Disclaimer: There is no way possible to learn CUDA Fortran completely just from this one page Tutorial/Cheatsheet. This is only meant for a quick reference sheet to get started with GPGPU programming with CUDA Fortran.
-
The Host & Device: The CPU and its memory is called the host. On the other hand the GPU and its memory is called the device. They are usually connected with PCI bus which have much slower data bandwidth compared to the each processing unit and their memory and moving data between them is time consuming. Thus frequent exchange of data between the two memory is highly discourage
-
Kernels: A function that is executed on the GPU.
-
Threads Hierarchy
- Thread: At the lowest level of CUDA threads hierarchy are the individual threads. Each thread execute the kernel on a single piece of data and each gets mapped to a single CUDA core.

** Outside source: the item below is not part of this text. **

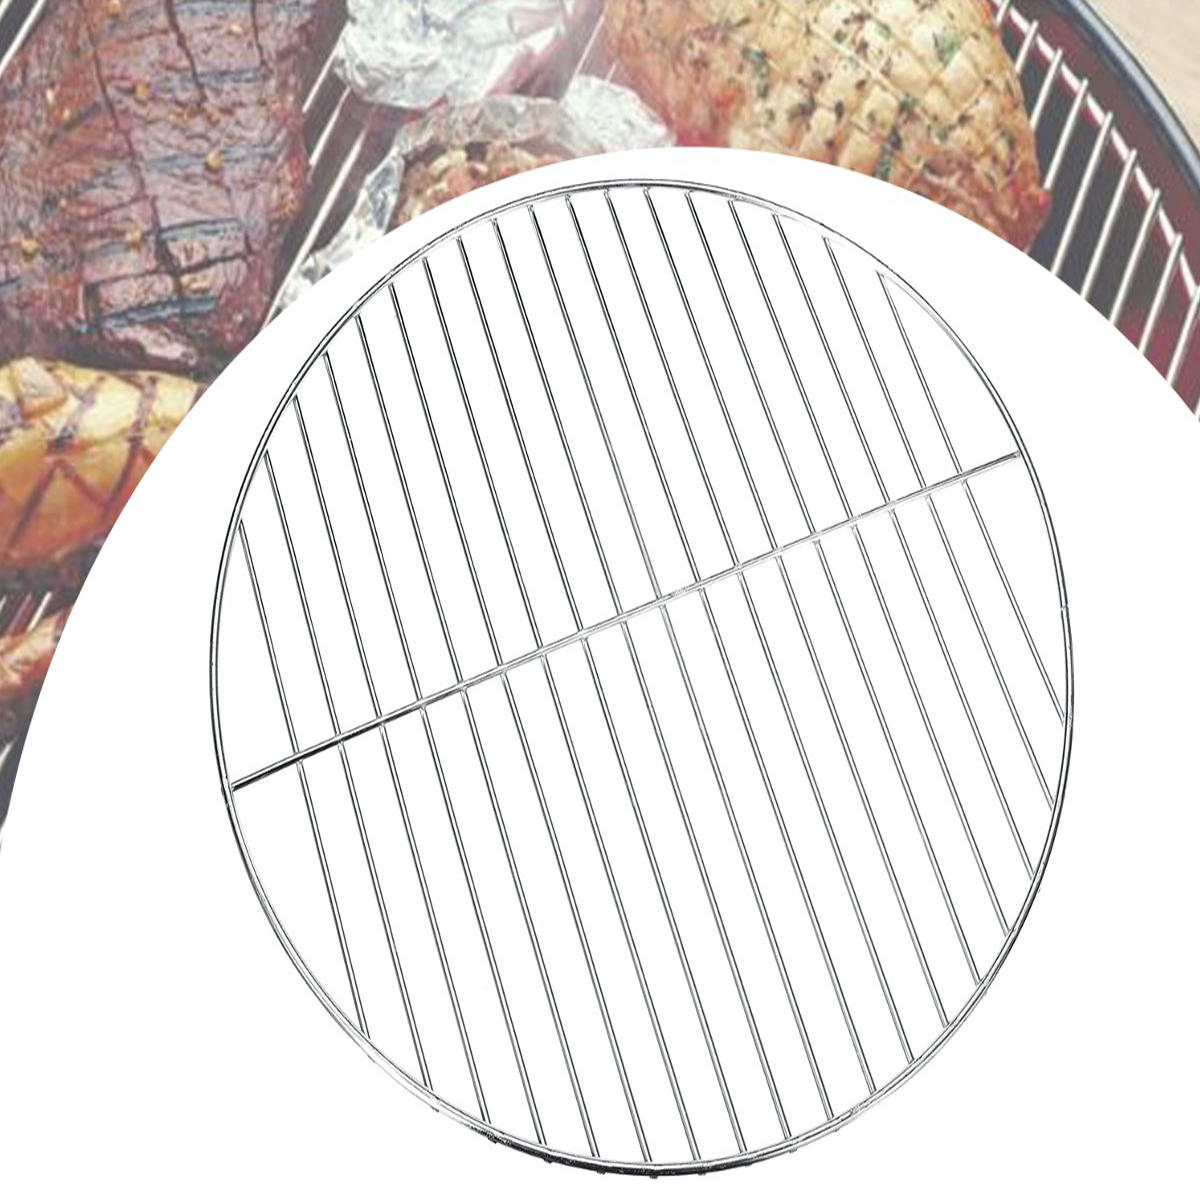 25 cm Ronde BBQ Grill Rooster Houtskool BBQ Grill Pan Vervanging Metalen Koken Barbecue Mesh Frame
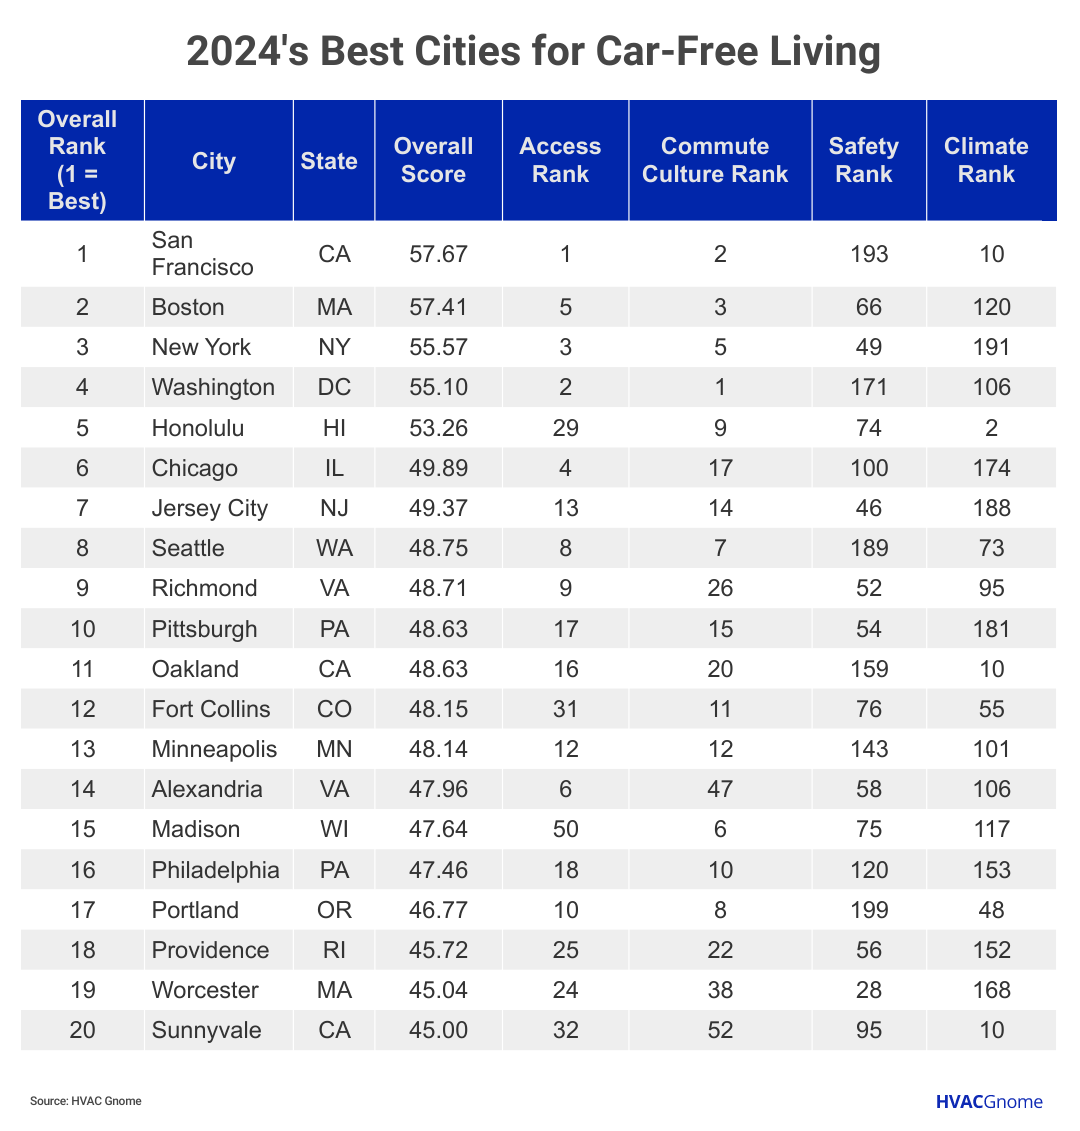 chart showing 2024's Best Cities for Car-Free Living

- Blocks: A group of thread.
- Grid: The collection of blocks that gets mapped on the entire GPU
- Blocks and Grids can be 1D, 2D or 3D and the program has to written in such way to control over multidimensional Blocks/Grids.
-
Flow of Program: The main code execution is started on the CPU aka the host. Separate memory are allocated for host and device to hold the data for each of their computation. When needed the data is copied to the device from host and back. Host can launch a group of kernels on the device. When the kernels are launched, the host does not wait for the kernels execution to finish and can proceed with its own flow. The memory copy between the host and device can be synchronous or asynchronous. Usually they are done in synchronous manner. The assignment operator (
=
) in CUDA Fortran is overloaded with synchronous memory copy i.e. the copy operation will wait for the kernels to finish their execution
- Install the appropriate Nvidia drivers for your system.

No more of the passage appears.